§ **Exercise goal**
Drop the images; return everything else in the listing below exactly.
------ Information supplied
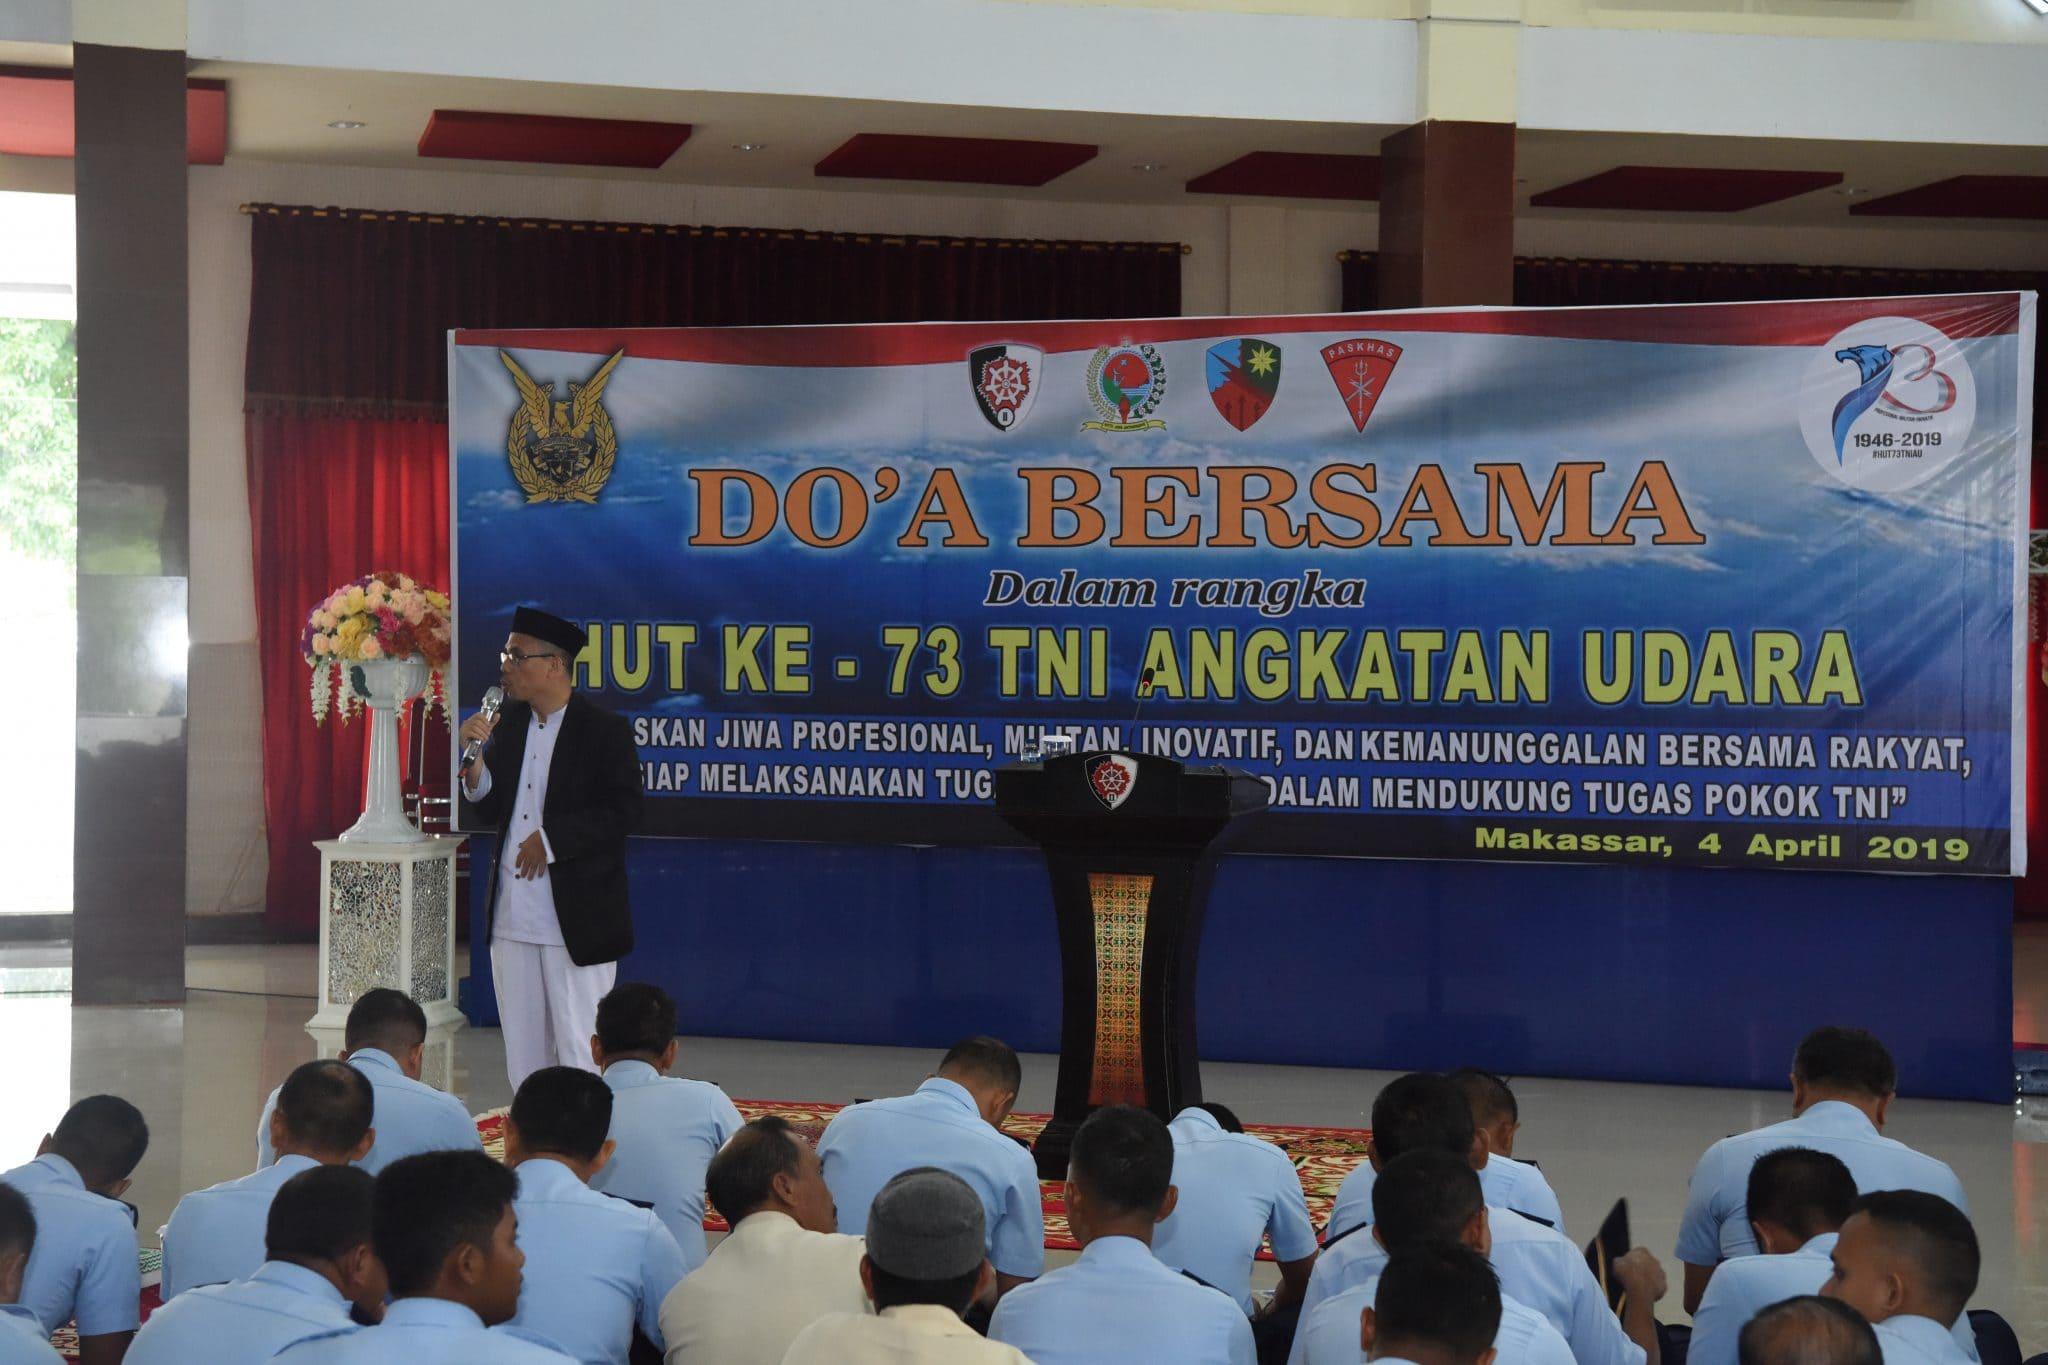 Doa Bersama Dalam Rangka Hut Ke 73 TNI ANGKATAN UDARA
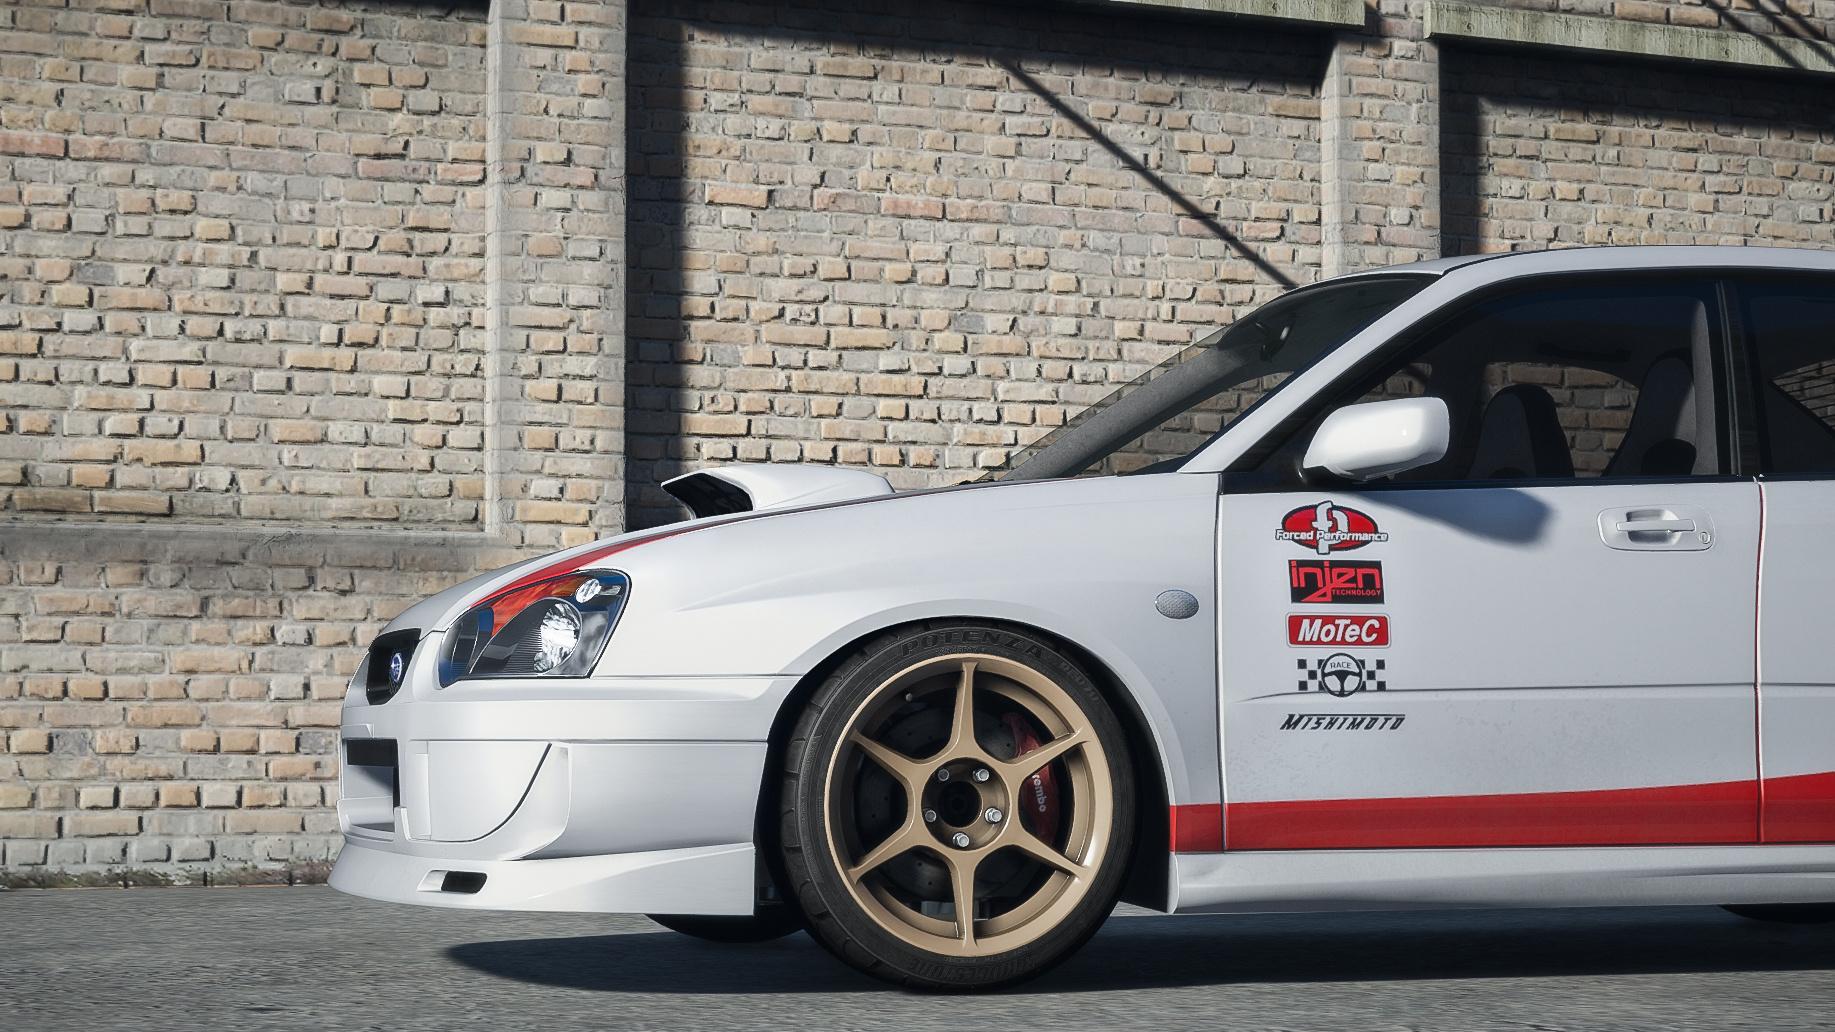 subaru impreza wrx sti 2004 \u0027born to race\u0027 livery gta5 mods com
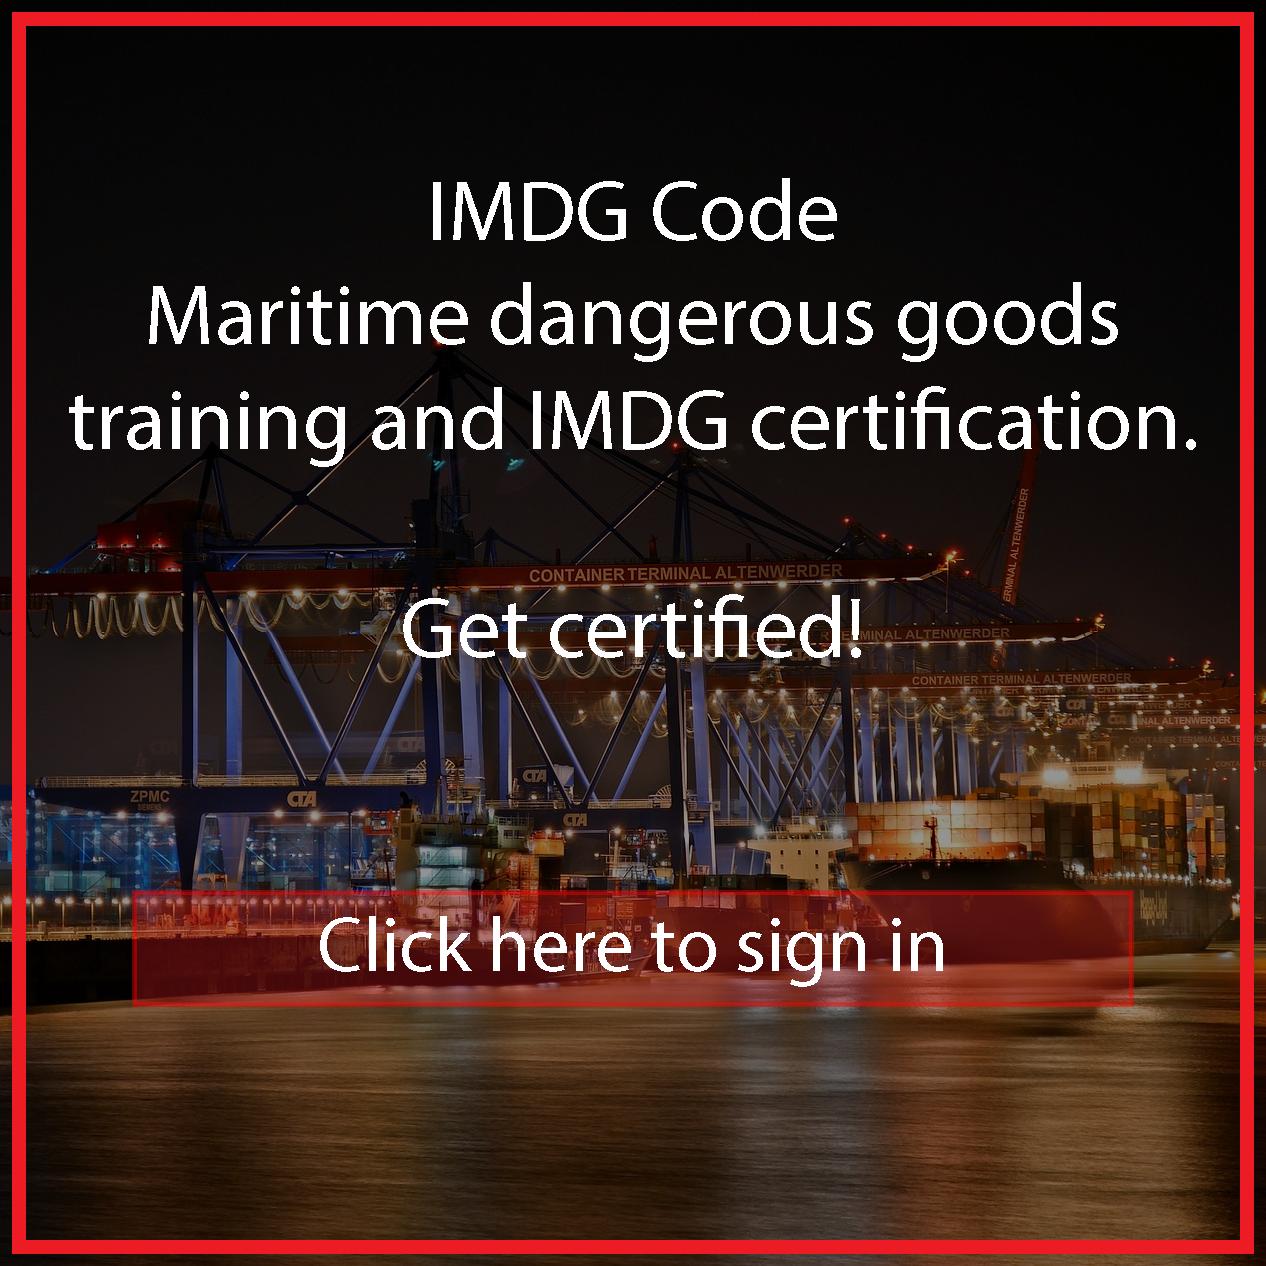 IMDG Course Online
------------
§ **Solution**
 Doa Bersama Dalam Rangka Hut Ke 73 TNI ANGKATAN UDARA
 subaru impreza wrx sti 2004 \u0027born to race\u0027 livery gta5 mods com
 IMDG Course Online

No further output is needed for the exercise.